ECLI:NL:GHAMS:2010:BL7200

Gerechtshof Amsterdam

Datum uitspraak
9 maart 2010
Publicatiedatum
5 april 2013
Zaaknummer
23-003851-09
Instantie
Gerechtshof Amsterdam
Type
Uitspraak
Rechtsgebied
Strafrecht
Procedures
  • Hoger beroep
Rechters
Vindplaatsen
  • Rechtspraak.nl
AI samenvatting door LexboostAutomatisch gegenereerd

Hoger beroep inzake inbraak in auto met schadevergoeding aan benadeelde partij

In deze zaak heeft het gerechtshof Amsterdam op 9 maart 2010 uitspraak gedaan in hoger beroep tegen een vonnis van de politierechter in de rechtbank Amsterdam. De verdachte is veroordeeld voor het inbreken in een auto, waarbij schade is toegebracht aan het voertuig. De politierechter had de verdachte eerder veroordeeld tot een gevangenisstraf van vier maanden, met aftrek van voorarrest, en had een schadevergoeding van 242,23 euro opgelegd aan het slachtoffer.

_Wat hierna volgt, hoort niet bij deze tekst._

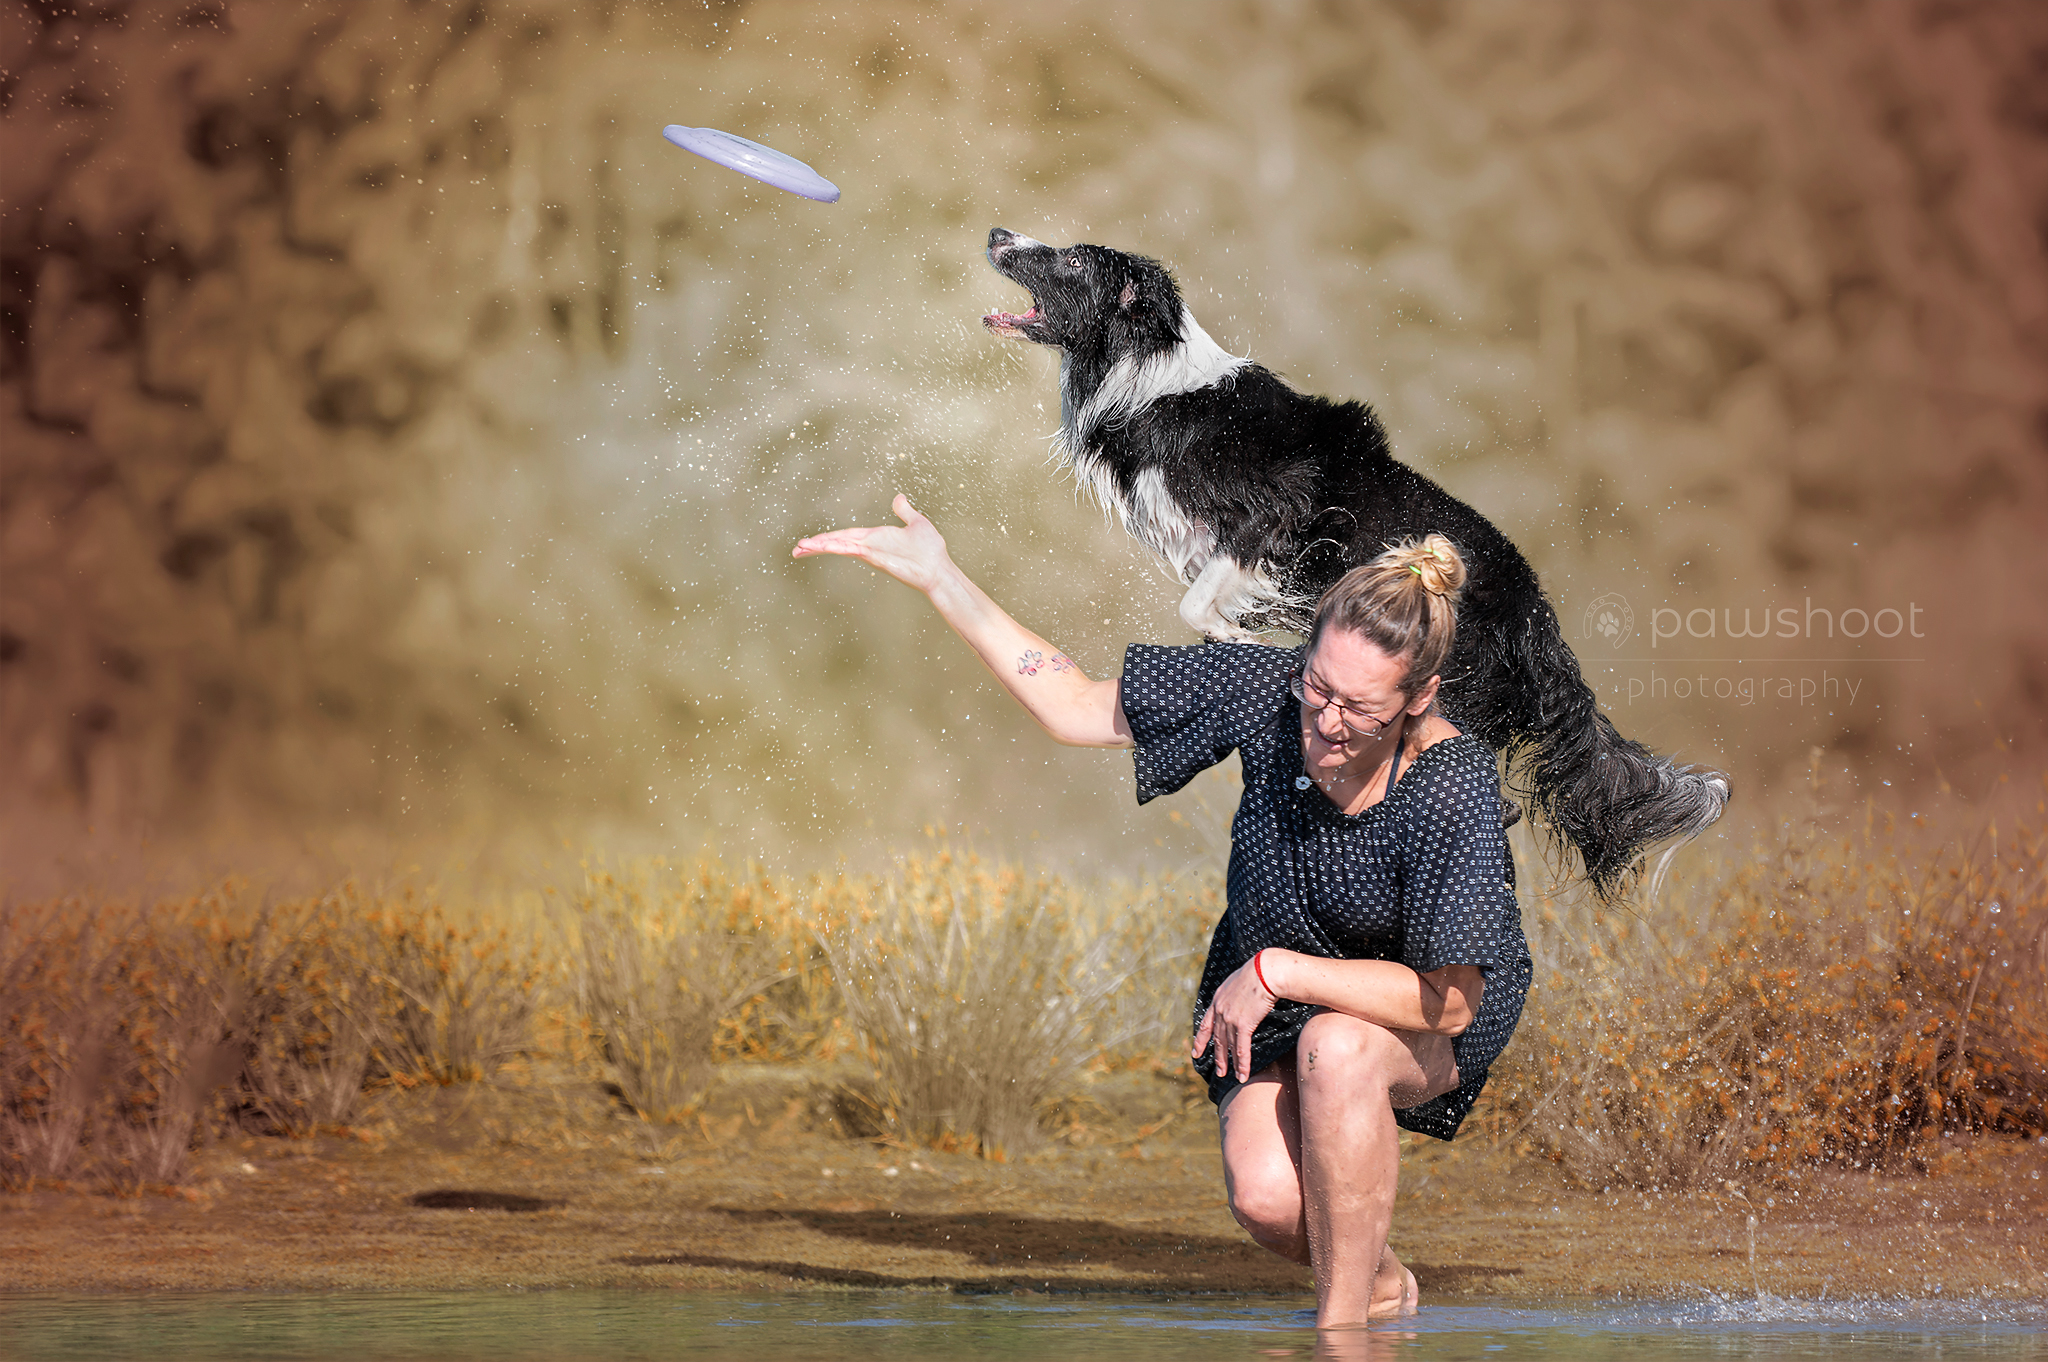 springende hond frisbee Pawshoot hondenfotografie
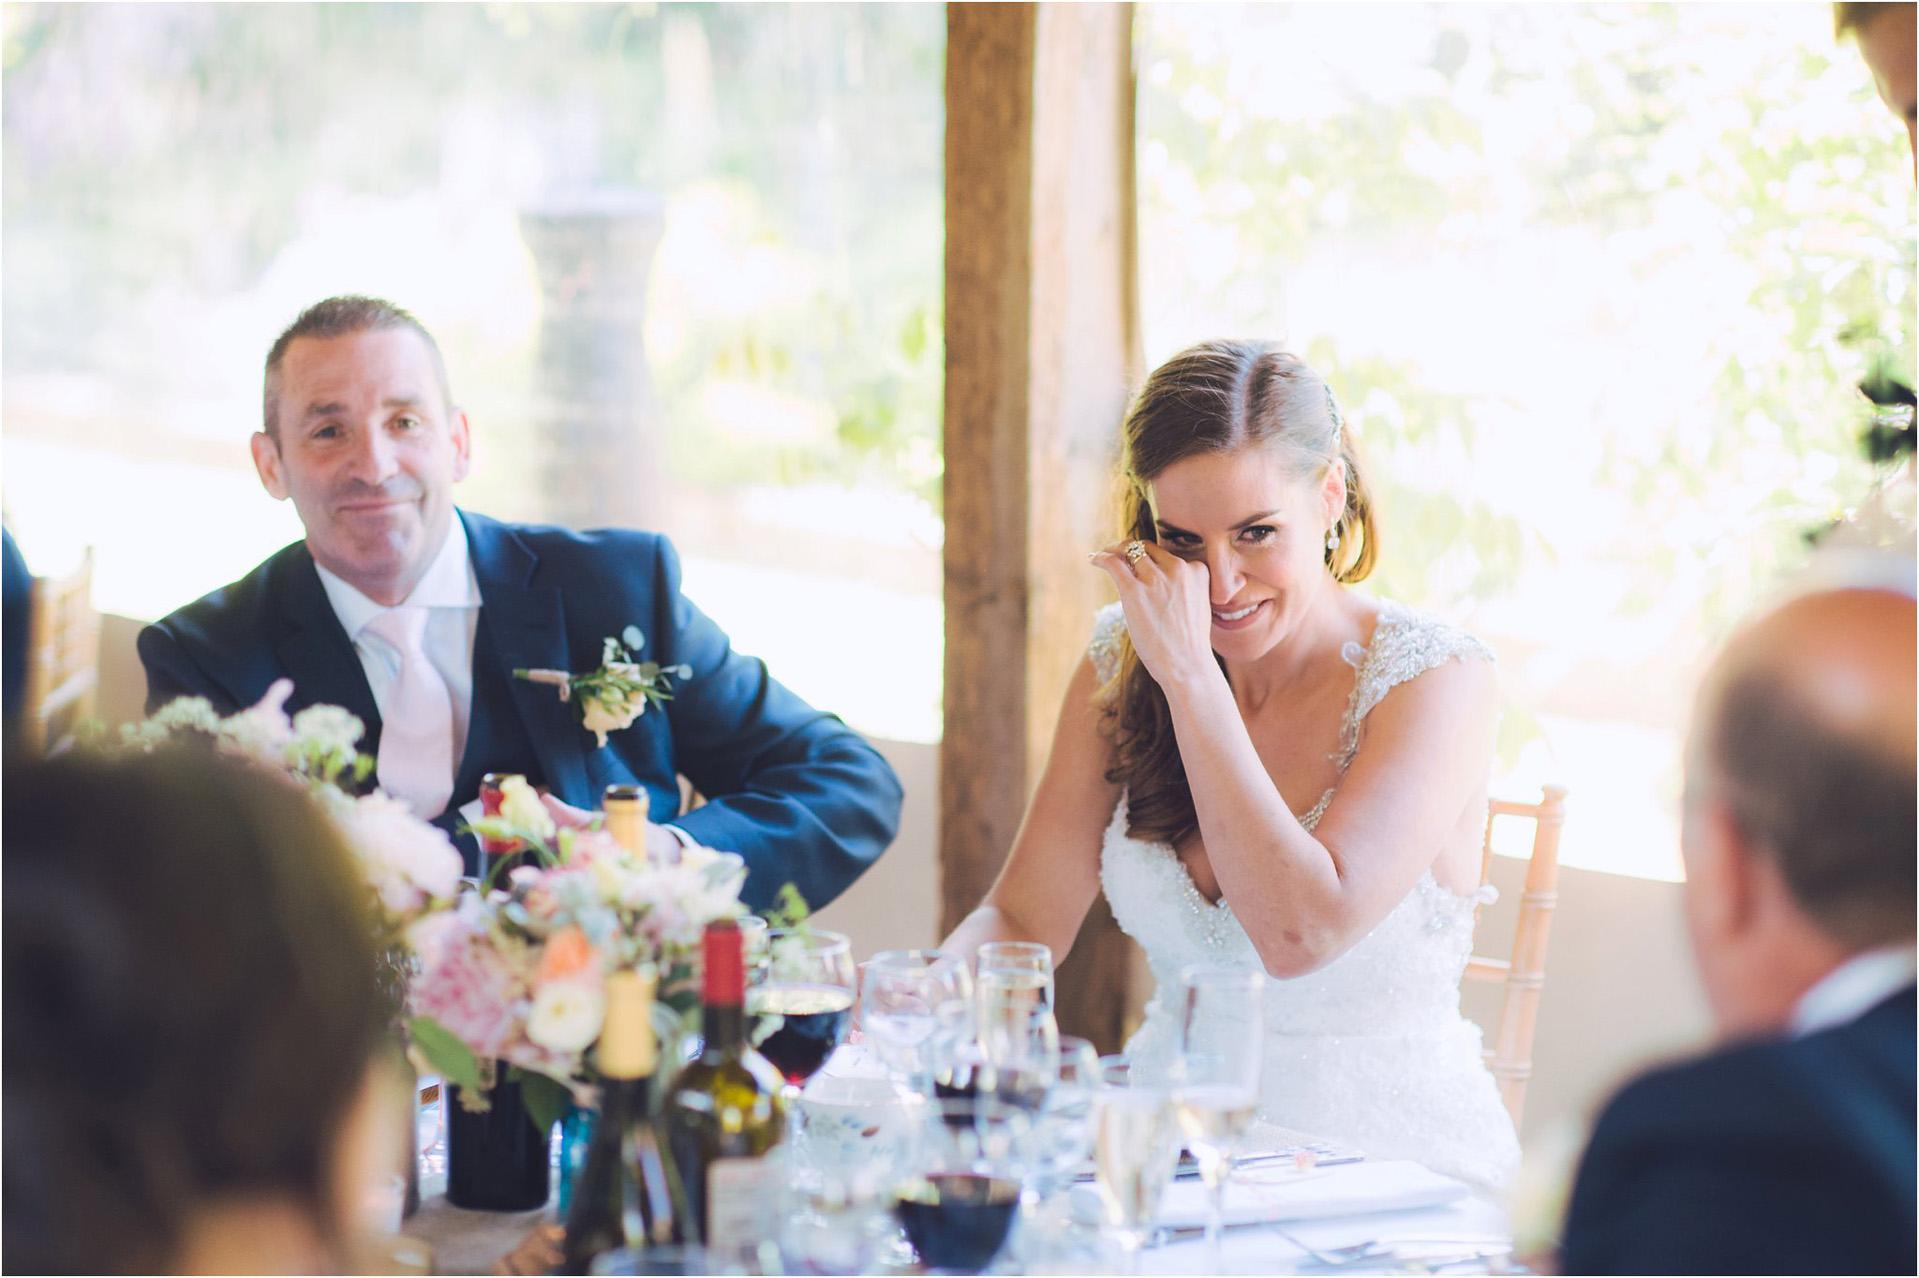 Simon biffen wedding photography 0112

Het hof bevestigt het vonnis van de politierechter, maar vernietigt de strafoplegging en de motivering daarvan. Het hof oordeelt dat de benadeelde partij niet rechtsgeldig in het geding is gevoegd, omdat het voegingsformulier pas na de sluiting van het onderzoek ter terechtzitting was ontvangen. Desondanks oordeelt het hof dat de verdachte de schade aan het slachtoffer moet vergoeden en legt een schadevergoedingsmaatregel op.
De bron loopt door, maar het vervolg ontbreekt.